__Action item__
Going through the material below, output exactly the lines from the one containing "Madrid, Spain. 27th" through the one containing "V *TRADE QTY*", and no pictures.

__Supplied information__
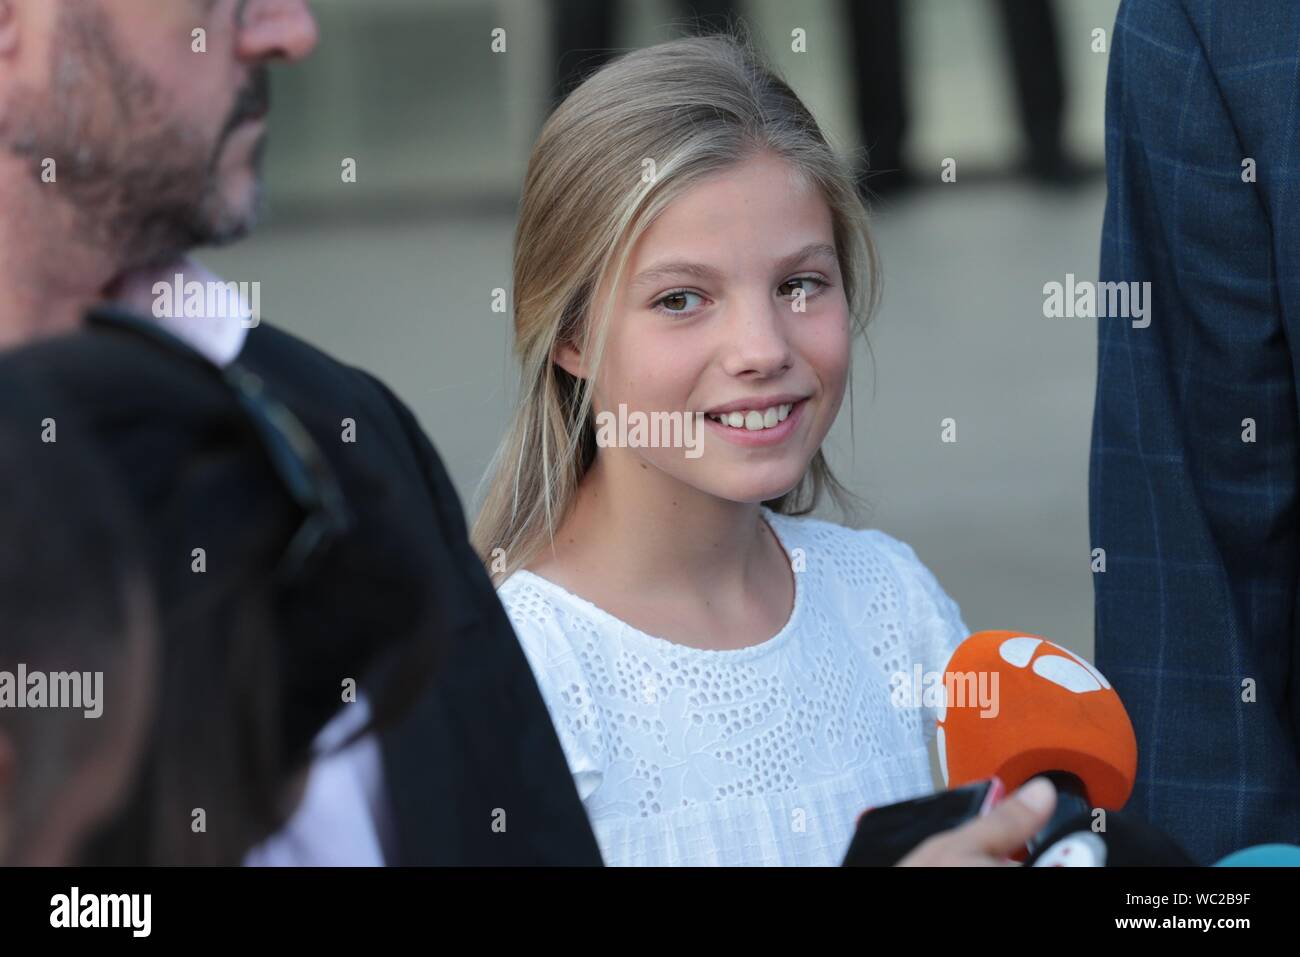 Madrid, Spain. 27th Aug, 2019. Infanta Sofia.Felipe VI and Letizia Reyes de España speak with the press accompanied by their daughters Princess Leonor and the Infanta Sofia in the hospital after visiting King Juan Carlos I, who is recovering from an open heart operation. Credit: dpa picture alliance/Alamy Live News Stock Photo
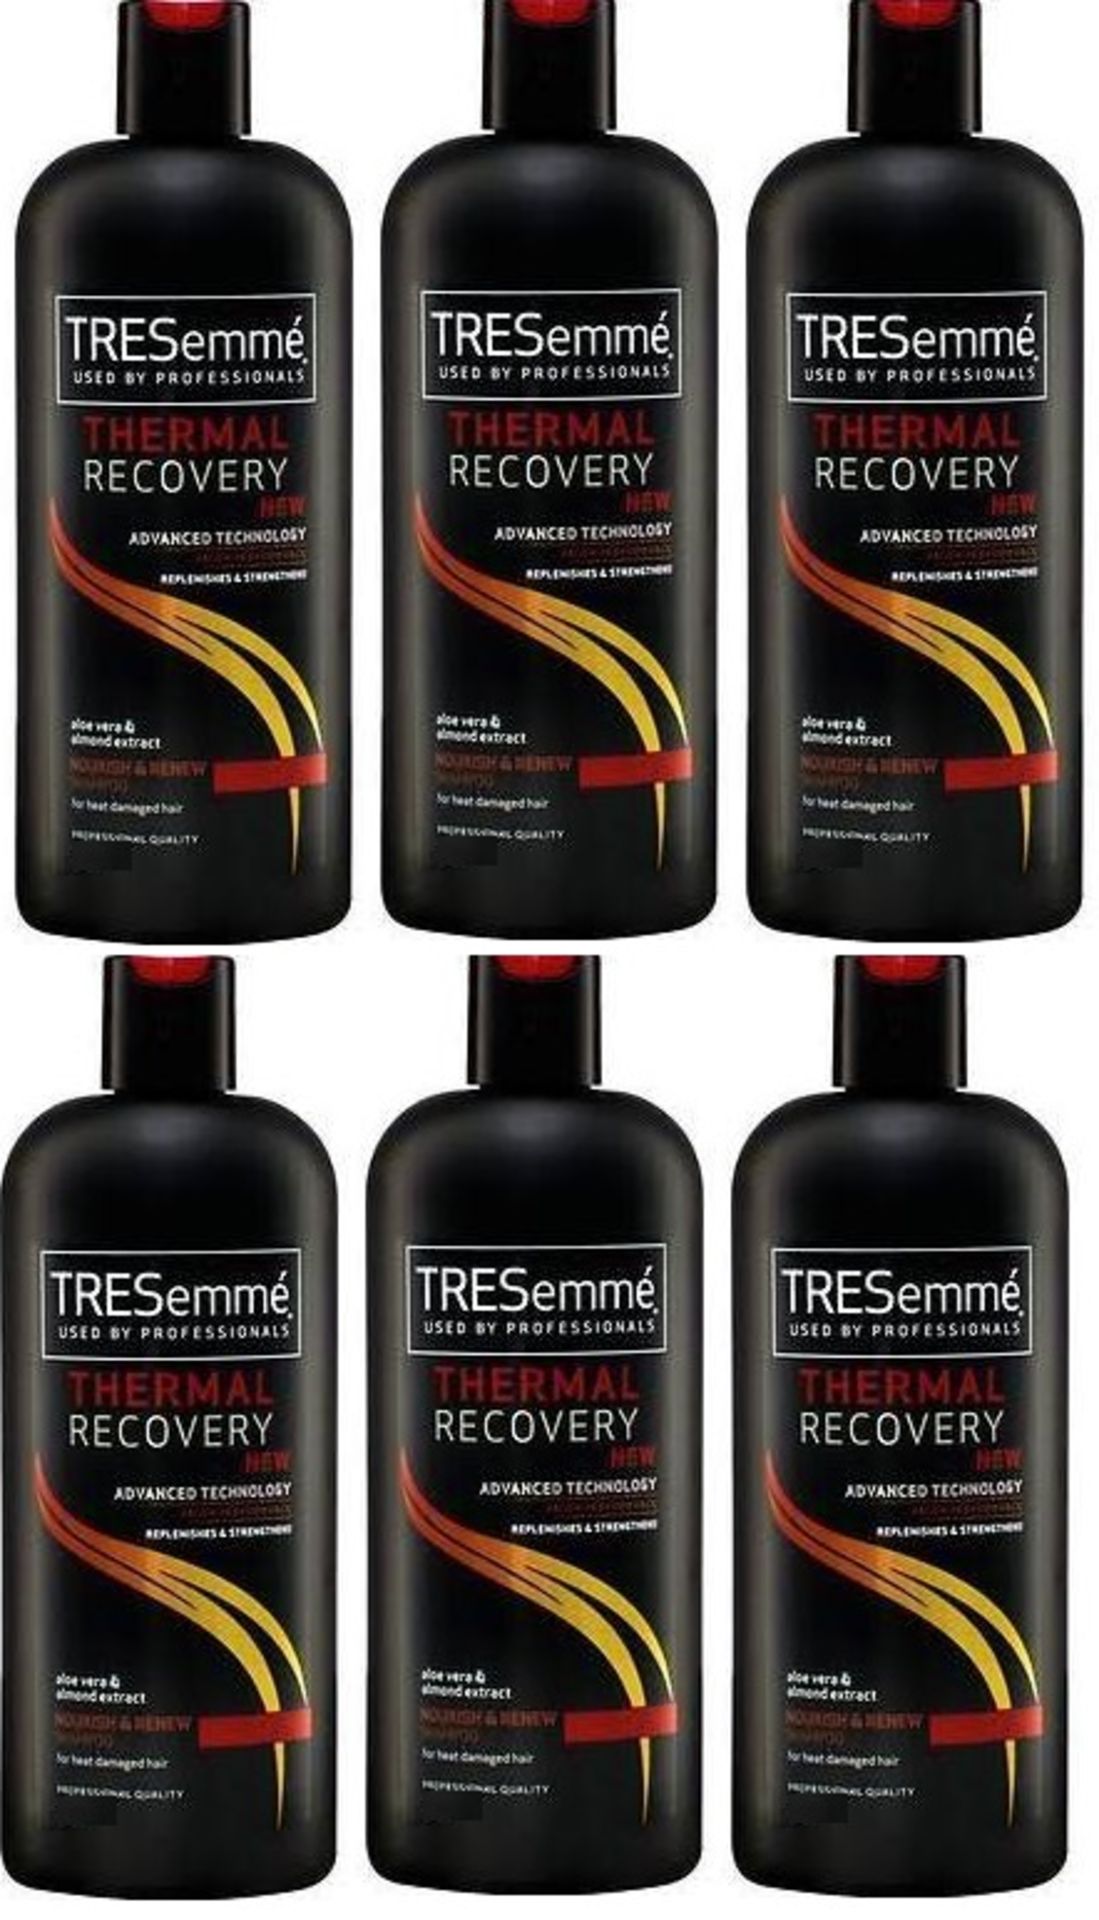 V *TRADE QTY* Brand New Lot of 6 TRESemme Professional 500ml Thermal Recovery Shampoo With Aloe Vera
---
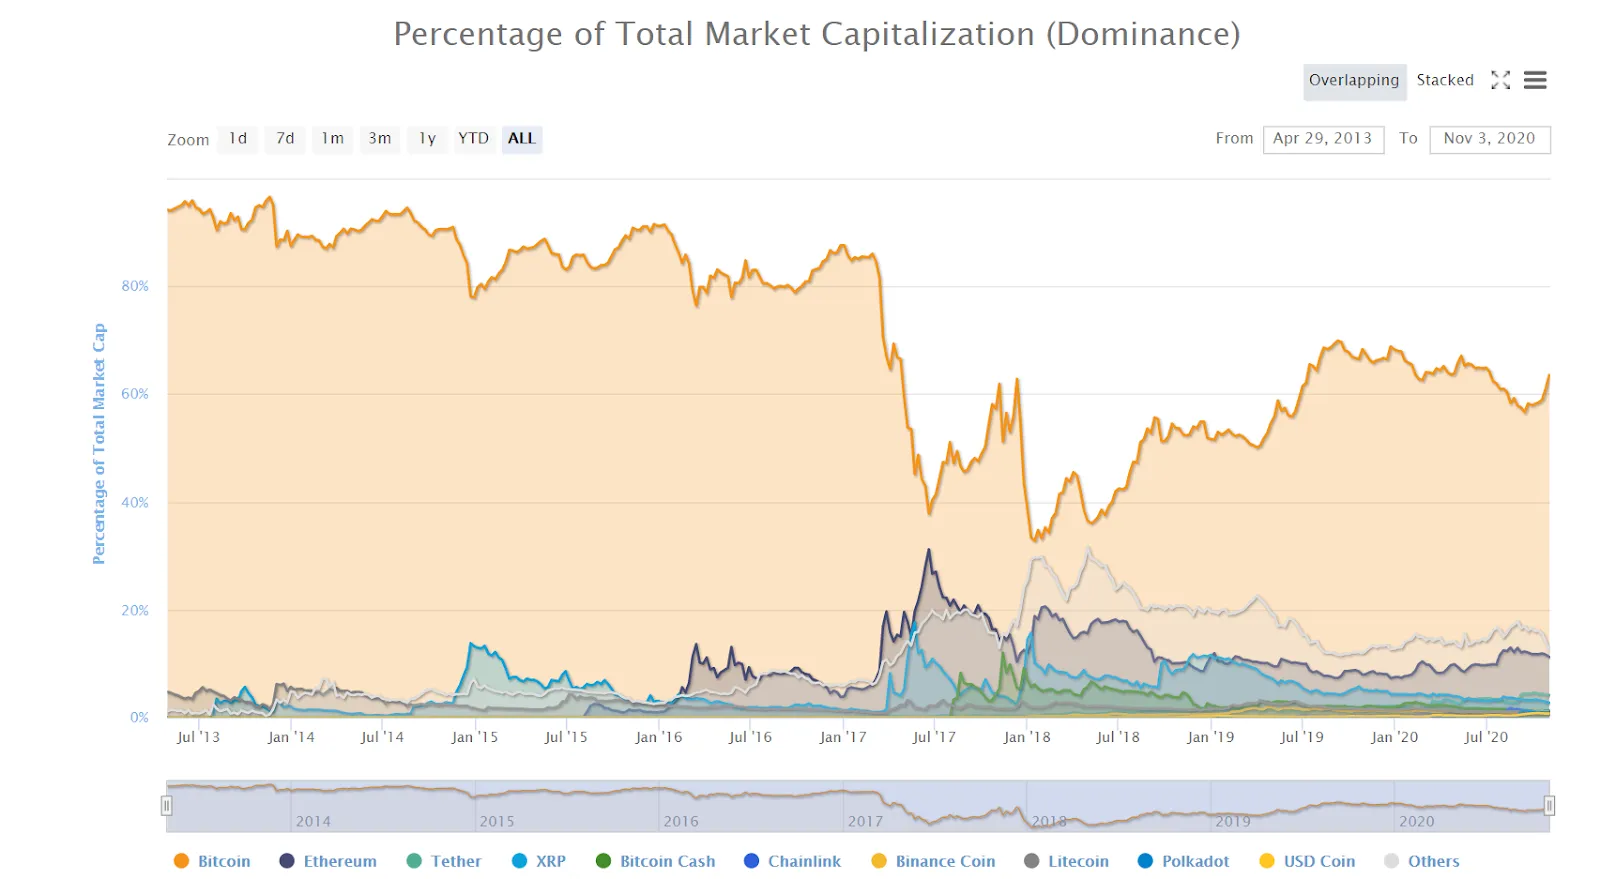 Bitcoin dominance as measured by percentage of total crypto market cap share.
* * *
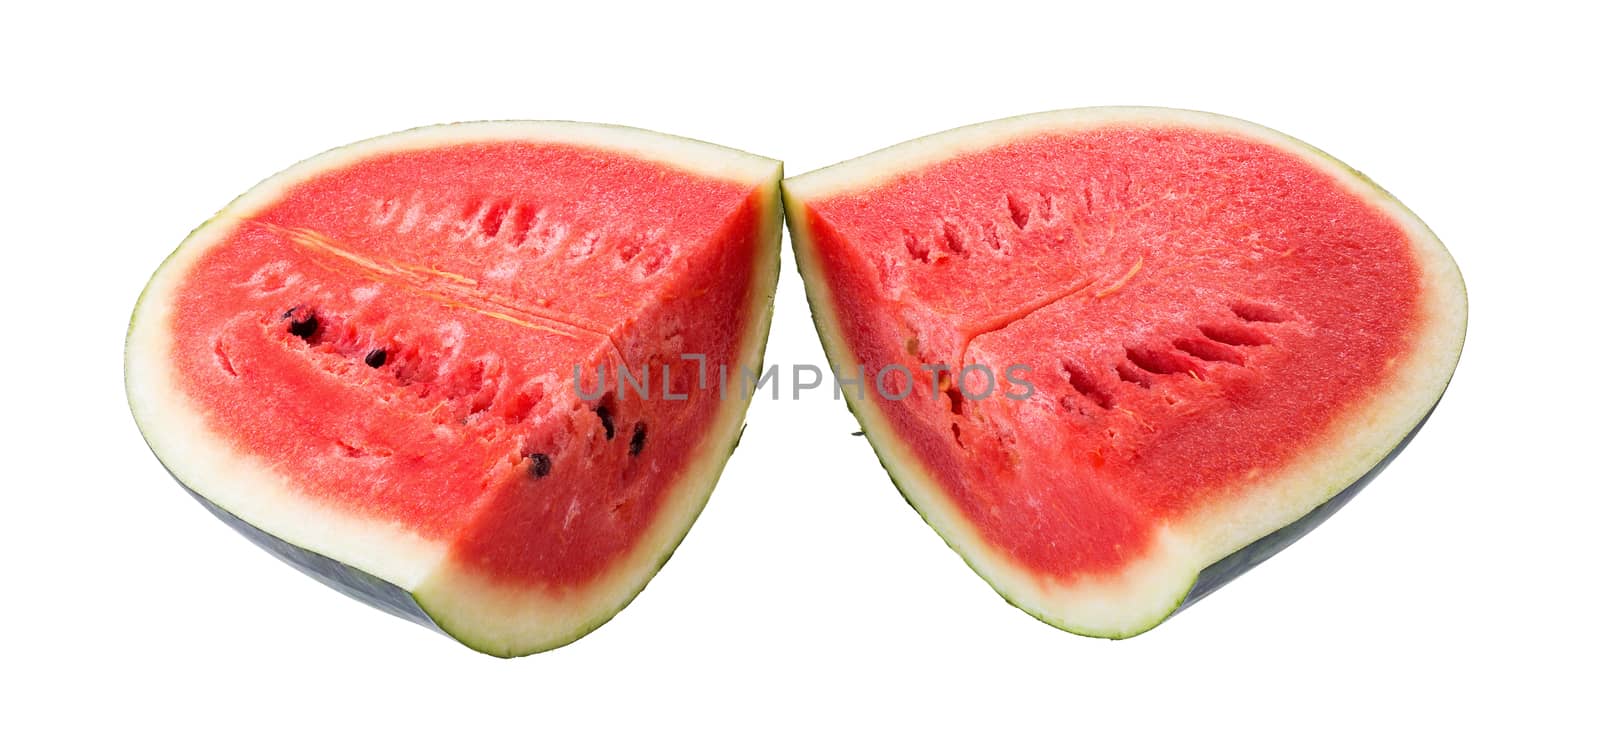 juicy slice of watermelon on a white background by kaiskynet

__Exercise output__
 Madrid, Spain. 27th Aug, 2019. Infanta Sofia.Felipe VI and Letizia Reyes de España speak with the press accompanied by their daughters Princess Leonor and the Infanta Sofia in the hospital after visiting King Juan Carlos I, who is recovering from an open heart operation. Credit: dpa picture alliance/Alamy Live News Stock Photo
 V *TRADE QTY* Brand New Lot of 6 TRESemme Professional 500ml Thermal Recovery Shampoo With Aloe Vera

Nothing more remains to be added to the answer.